Friday, December 5, 2014

Questions, Always with the Questions

 In recent years, you've grown fond of asking students, clients, and, of course yourself, a list of questions about a story in progress.  Among these questions, Whose story is it?  The answer is sometimes surprising.  You put yourself on that last train, the one everyone rushes to catch, wherein there is only standing room.  You, too, start out thinking the story is about Fred, but it turns out to be Jake, instead, or even Millie.

If you were to let it do so, the effect could humble you, but you've had you fill, dealing with humble writers as well as arrogant ones, once again including yourself.  Best for a writer to be sad or angry or eager or pessimistic, but not humble or arrogant.  Your take on this matter is that a reader, experiencing a story from an arrogant writer or a humble one will sense the elephant hidden under the first chapter, which is to say the pretense and cover-up for the writer letting the world know the writer is on the job, a true artist.  

The next question you like to ask is one that removes much of the potential for wiggle-room and show-off behavior:  What is the story about?  Once again, you join the hoard of passengers, rushing to catch the last train out.  How often do you gloss over your answer?  Dorothy wants to get back to Kansas in The Wizard of Oz..  

The entire front-line dramatis personae of The Maltese Falcon want to find the fabled bird, encrusted with rare jewels and minerals.  Close enough to get you by many an examination, but not insightful enough to satisfy the longing to get at the roots of the craft you've been trying to master nearly as long as you've been driving an automobile.

Of course, Dorothy wants to get back to Kansas.  She's all alone, except for her dog.  She's living with her aunt and uncle; we don't know what happened to her parents.  This cyclone that has transported her to the alternate universe of Oz is probably not a real cyclone so much as it is a dream, a powerful, focused wish-fulfillment vision of a real home, a real place, governed by the forces of magic, which control the physical elements, take sides, and represent the darker inner forces of the human species.

Ditto on the of course aspects of the likes of Caspar Gutman, Joel Cairo, and Bridig Shaugnessey as they pursue to goal of riches beyond measure.  The setting of The Maltese Falcon falls close upon the big burst of the Roaring Twenties, as explosive as the German dirigible, The Hindinburgh, ready to shatter into The Great Depression.  

The falcon of the novel is illusion, a romanticized version of a winning lottery ticket, a transformative encounter that will provide wealth beyond dreams of avarice. Note the "beyond;" averse is too close to the actuality of persons pursuing a winning system, a notable discovery, an invention beyond the capacity to be invented.  Magic.  Again with the magic. 

The question, What is the story about? has a direct tie to another question, Who are you? by which is meant, What do you bring to the story?  In a forceful way, you cannot know what the story is about until you have some awareness of what you are bringing to it.  Do you bring the wish fulfillment of magic, or do you bring a hardscrabble attempt to wrest story and sustenance from the gritty, cold conglomerate of the politics of humanity?

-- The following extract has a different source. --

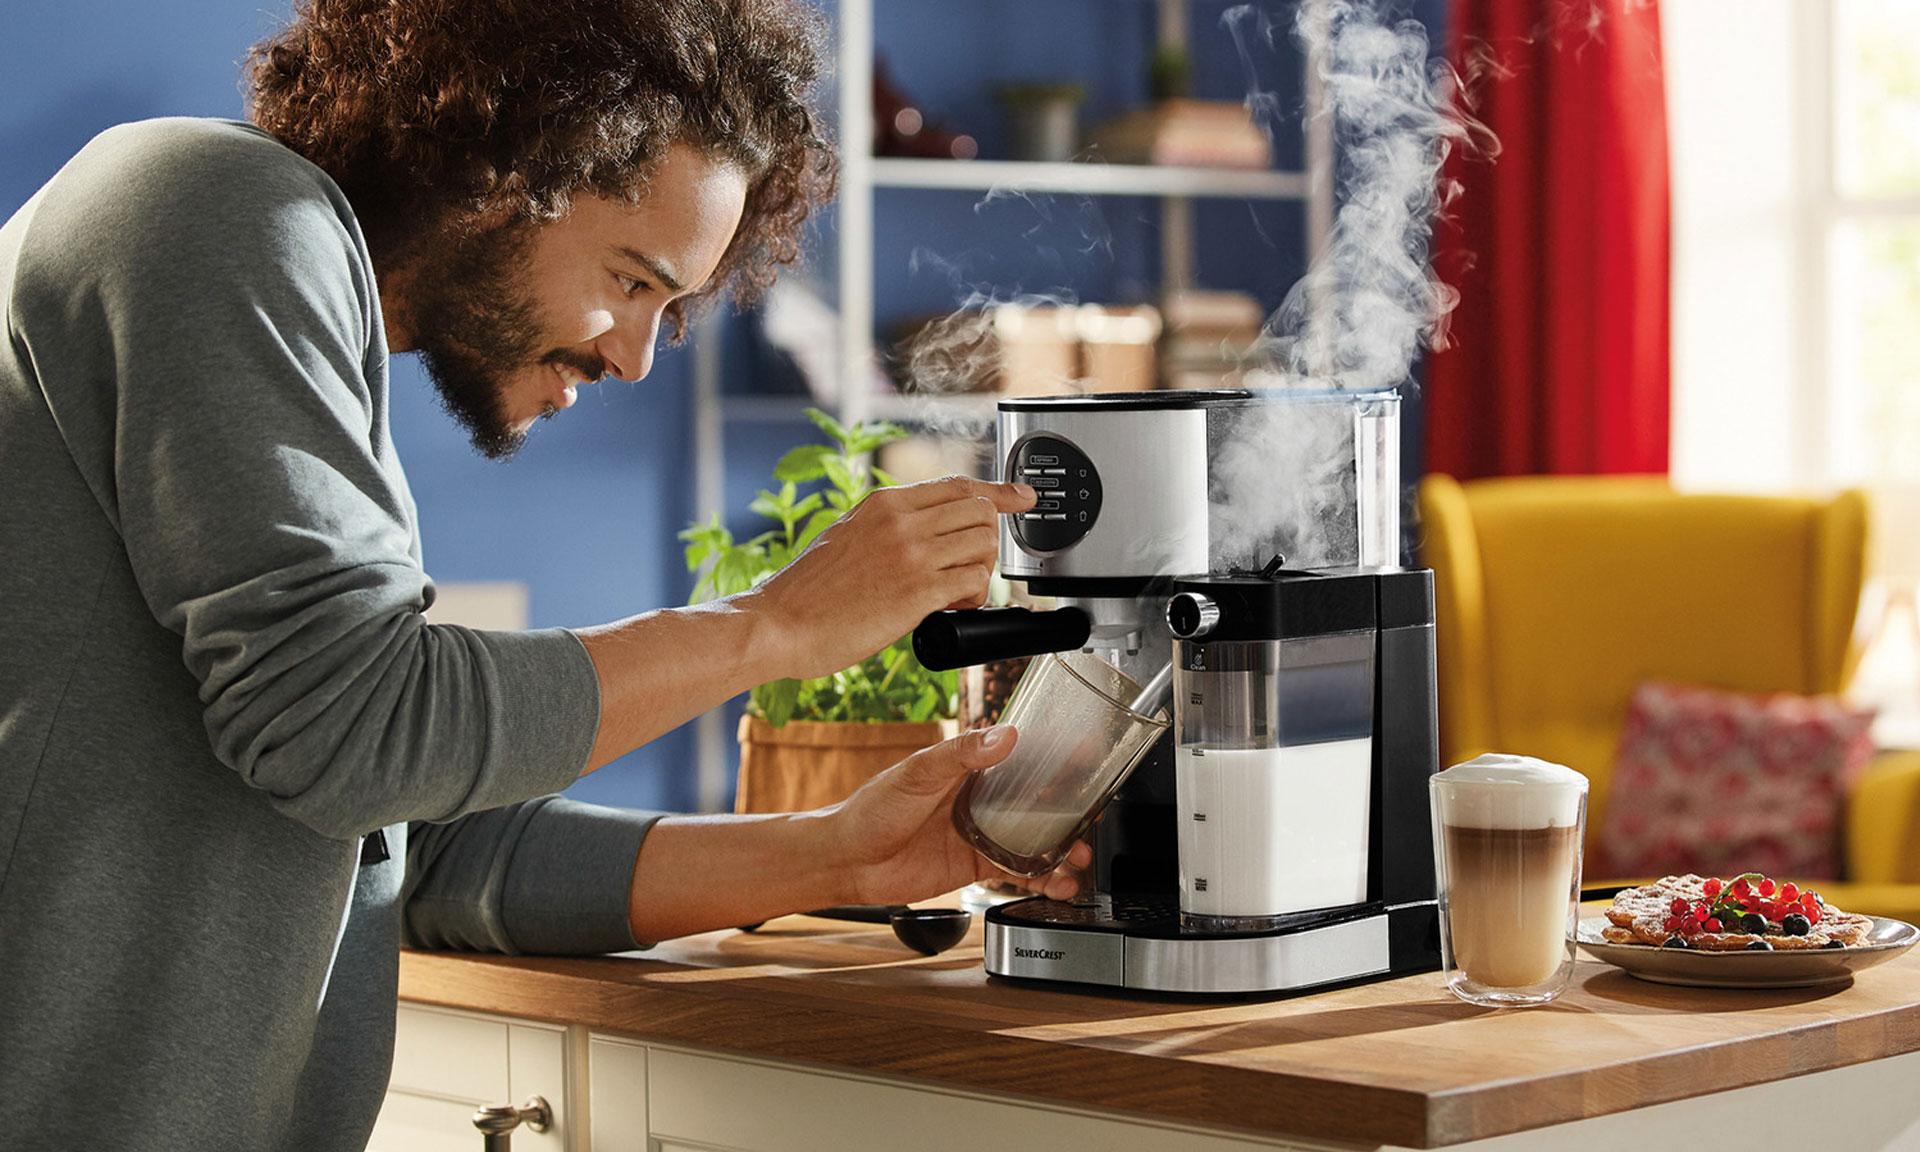 Should You Buy Lidls Cheap 80 Coffee Machine This Christmas

Yes.  Many stories of magic and fantasy are about real individuals, wresting existential solutions from magical forces such as enchantments, lineages of entitlement and privilege, and a self-interest that would put the Plantagenet's to shame.  But many are the simple, straightforward attempts of mortals to pull an identity from the spells and curses of social class, politics, and evangelism.

You are pleased with yourself for being yet able to lose yourself in the story of magical landscape, where, if you are successful, you can find the same types of conflict and adventure you sought as a boy and have ever since been able to root out in the worlds of politics, economics, and anthropology you see teeming about you.

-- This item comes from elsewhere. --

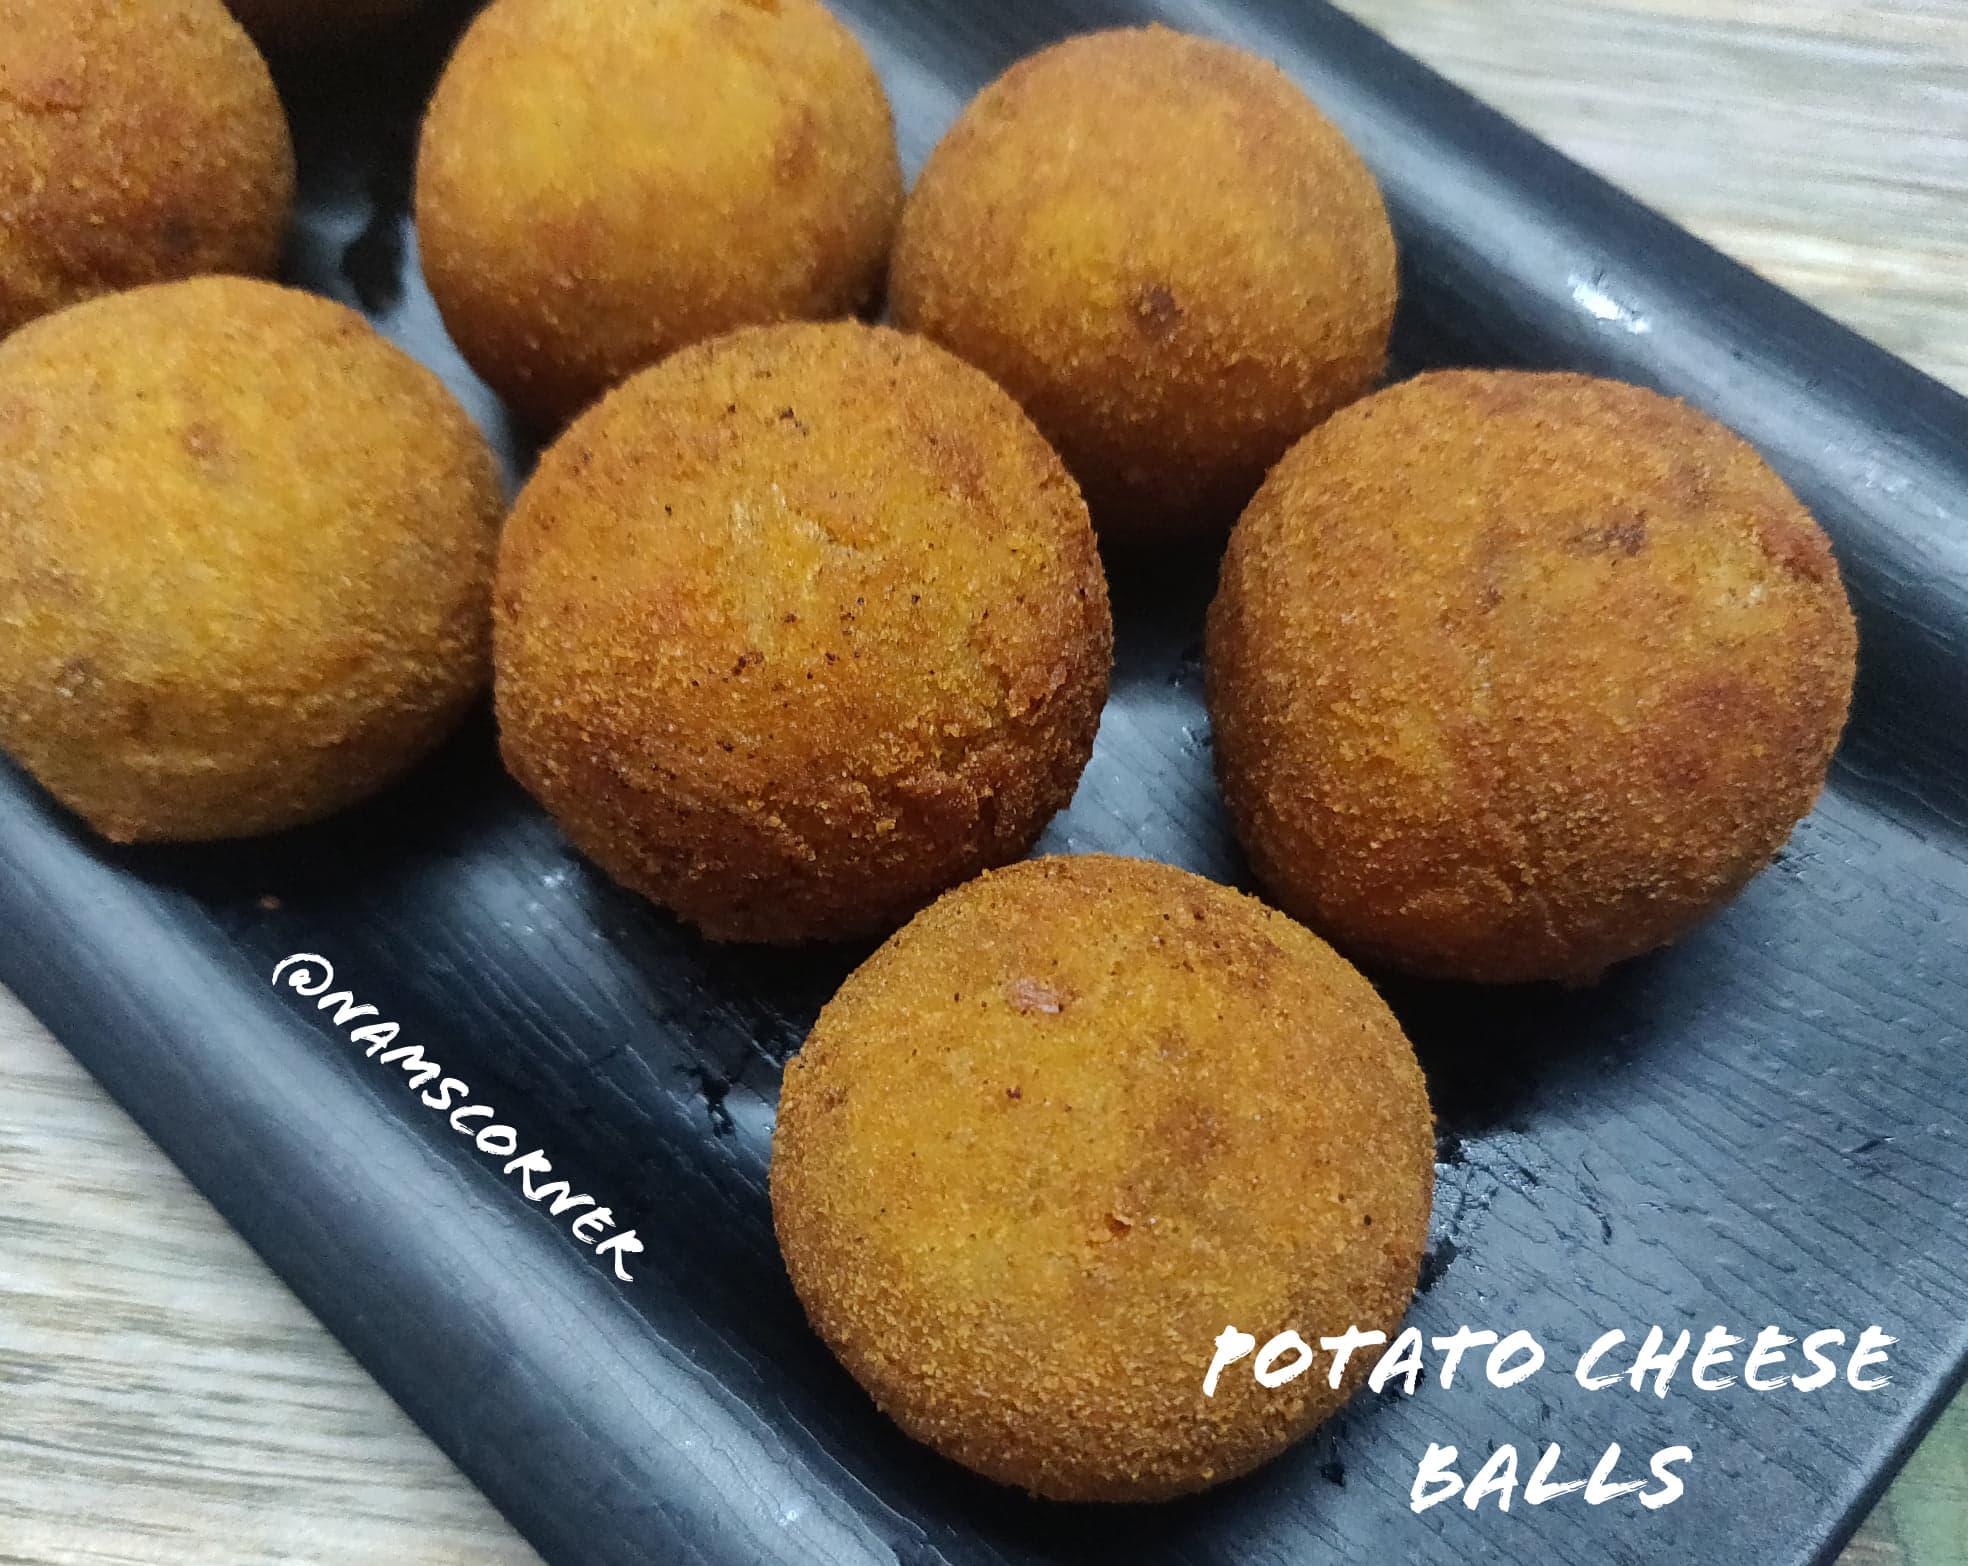 Potato Cheese Balls Recipe | Cheese Balls

For you, the story is still about the return to the goals of those childhood, growing-up quests, which you now spell out as, among other things, the ability to make your living from words, your ability to translate the intent of words the way a botanist reads tree rings, a geologist reads mountain ranges and beachscapes that have not seen oceans for millennia, the way an astronomer reads the heavens, seeing in such things as black holes the sorts of things you might discover in a paragraph.

You are younger than it is safe for a man of your age to be, older than you ever imagined you would be when you were first confronting note books with stubs of number two Dixon Ticonderoga pencils, trying to isolate adventures and discoveries for what seemed to be endless miles of white pages, awaiting marks from you.